Le président tunisien, Kaïs Saïed, a défendu hier son projet de Constitution controversé face aux accusations de dérive autoritaire, après avoir été désavoué par le juriste à qui il en a confié la rédaction.
Dans un message publié par la présidence de la République, relayé par l’AFP, il a affirmé que le projet de Constitution publié reflète «ce que le peuple tunisien a exprimé depuis la révolution (de 2011) jusqu’au 25 juillet 2021, lorsque elle a été remise sur le droit chemin». A cette date, K. Saied, après des mois de blocages politiques, a suspendu le Parlement et limogé le gouvernement pour s’arroger les pleins pouvoirs.
«La Constitution qui vous est proposée reflète l’esprit de la révolution et ne porte aucunement atteinte aux droits et aux libertés», a-t-il ajouté. Il a rejeté les accusations selon lesquelles la Constitution proposée ouvre la voie à «un retour de la tyrannie», affirmant que «rien ne peut être plus loin de la réalité». Il a appelé les Tunisiens à approuver le texte lors du référendum du 25 juillet, qui coïncidera avec le 1er anniversaire de son coup de force.

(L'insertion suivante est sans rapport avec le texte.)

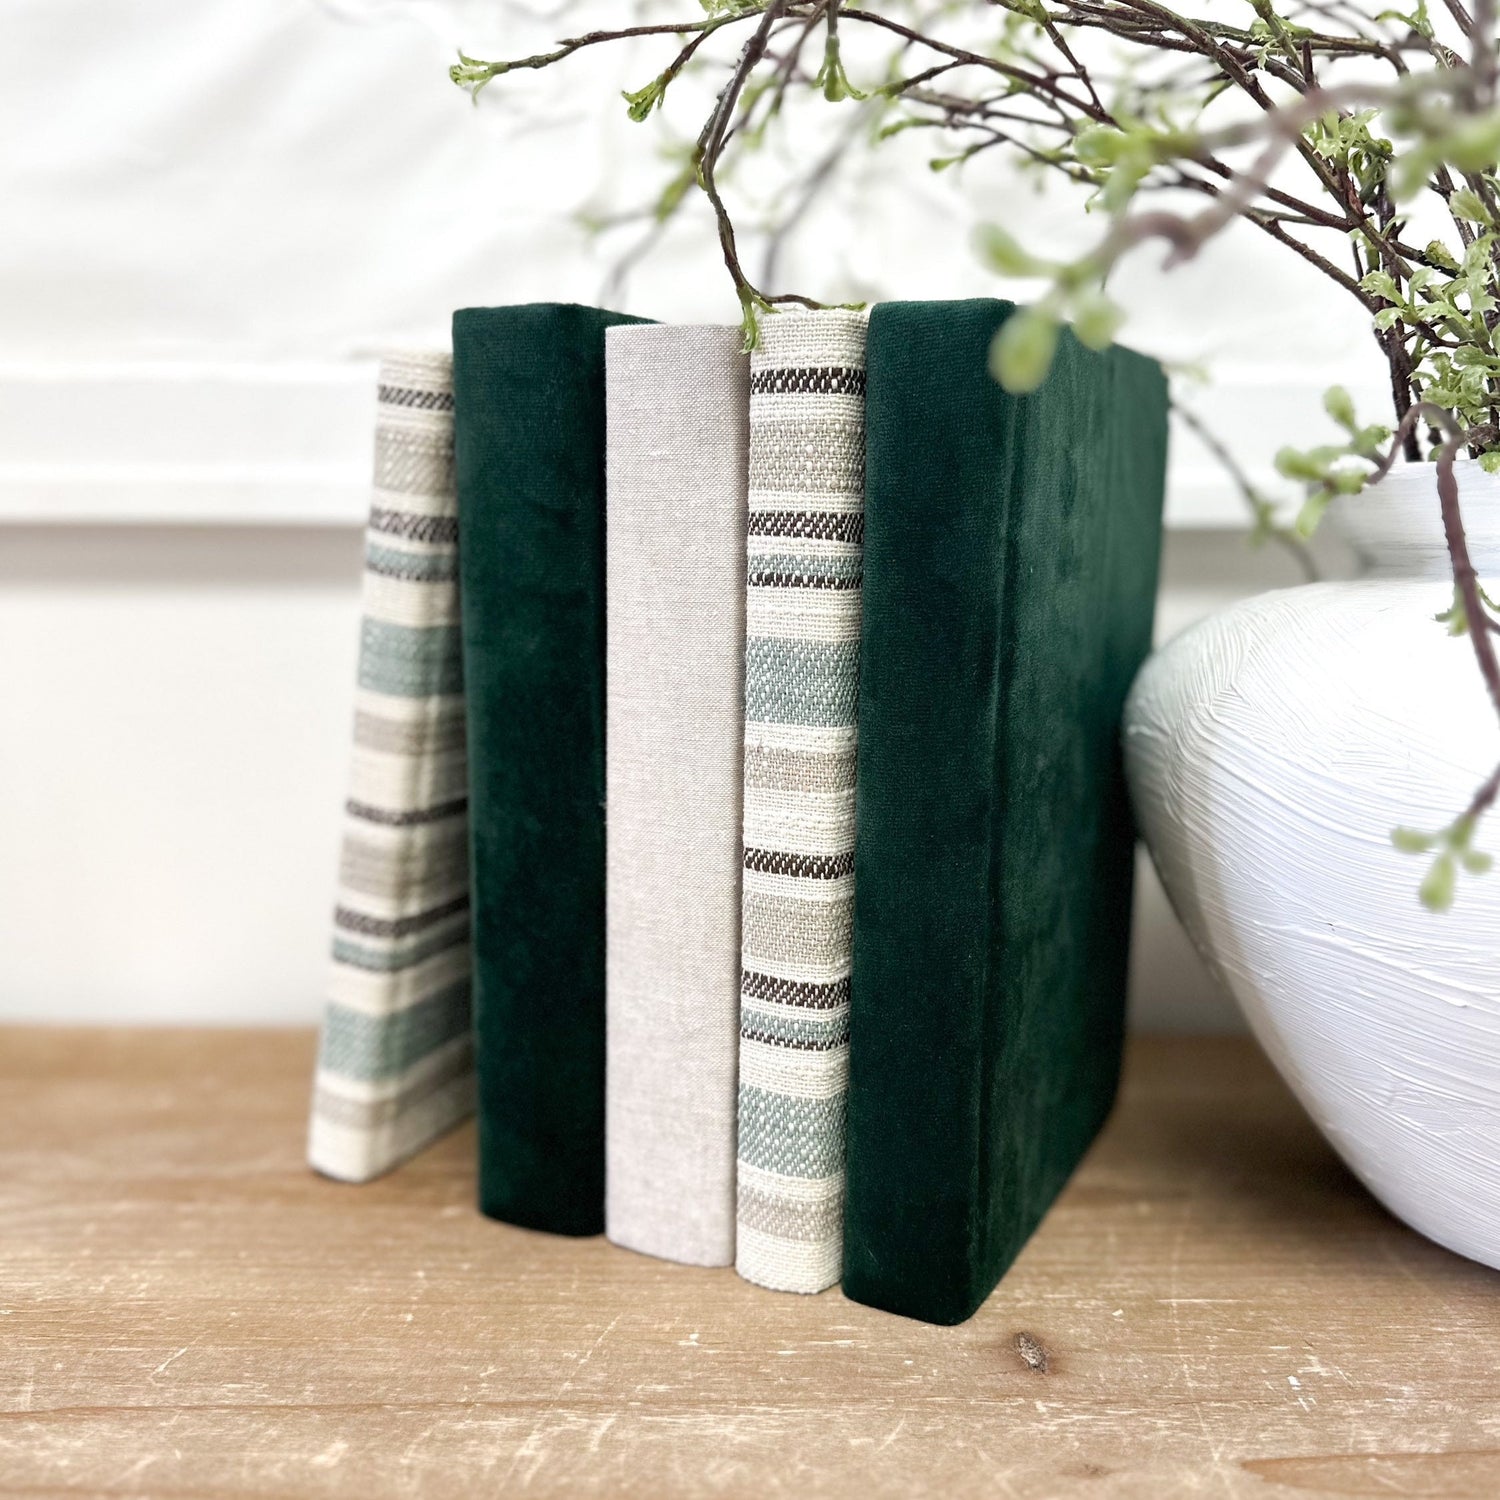 Linen Covered Books, Decorative Books, Green Velvet Designer Books
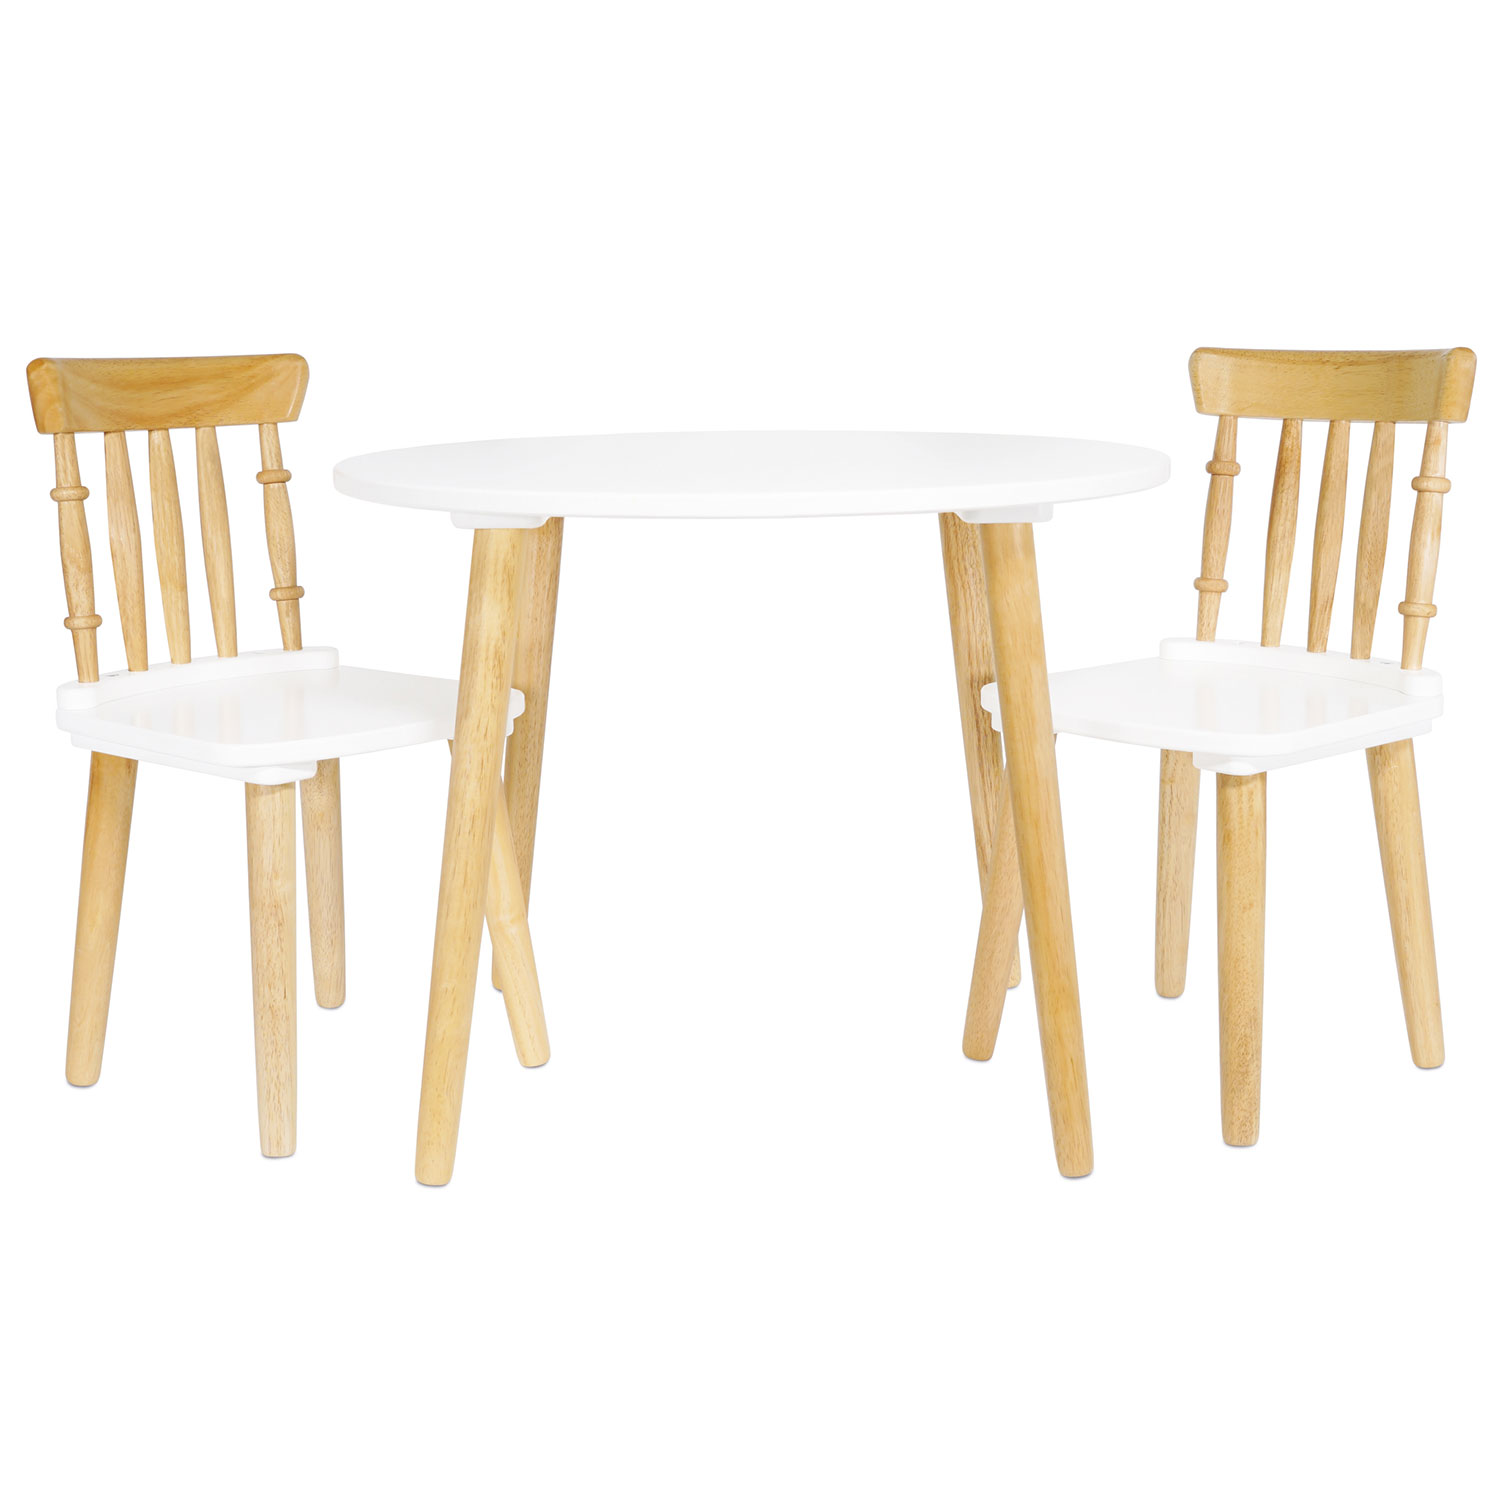 Tisch & zwei Stühle (Kindermöbel) /Childrens Wooden Table and Chairs

Chef de la «Commission nationale consultative pour une nouvelle République» chargée par le président Saied de rédiger une nouvelle Constitution, le juriste Sadok Belaïd a publiquement désavoué le texte publié par la Présidence. Dans une lettre, dimanche sur le journal Assabah, il a indiqué que le projet publié au Journal officiel «n’appartient en rien à celui que nous avons élaboré et présenté au Président».
Et d’ajouter : «En ma qualité de président de la Commission nationale consultative (...), je déclare avec regret, et en toute conscience de la responsabilité vis-à-vis du peuple tunisien à qui appartient la dernière décision, que la Commission est totalement innocente du texte.»
Selon lui, le projet publié par le Président «renferme des risques et des défaillances considérables». Il cite notamment un article sur le «péril imminent» qui garantit au chef de l’Etat «des pouvoirs très larges, dans des conditions qu’il détermine seul, ce qui pourrait ouvrir la voie à un régime dictatorial».
C’est justement en invoquant un article similaire qui figure dans la Constitution de 2014, que K. Saied s’est arrogé les pleins pouvoirs le 25 juillet 2021 après des mois de blocages poli-tiques. Le juriste a aussi relevé «la non-responsabilité politique du président de la République» dans le texte publié, ce qui lui permet de gouverner sans garde-fou.
Le texte présenté par le président Saied confirme la présidentialisation attendue du régime en stipulant que le «président de la République exerce le pouvoir exécutif, aidé par un gouvernement dirigé par un chef de gouvernement» qu’il désigne. Ce gouvernement ne sera pas présenté au Parlement pour obtenir la confiance.
En outre, le président jouira de vastes prérogatives : il est le chef suprême des forces armées, définit la politique générale de l’Etat et entérine les lois. Il peut aussi soumettre des textes législatifs au Parlement, qui doit les examiner «en priorité». Le texte réduit considérablement le rôle et le pouvoir du Parlement et prévoit la mise en place d’une seconde chambre, «l’Assemblée nationale des régions».
Il ne comporte par ailleurs aucune mention de l’islam comme «religion d’Etat» contrairement aux précédentes Lois fondamentales.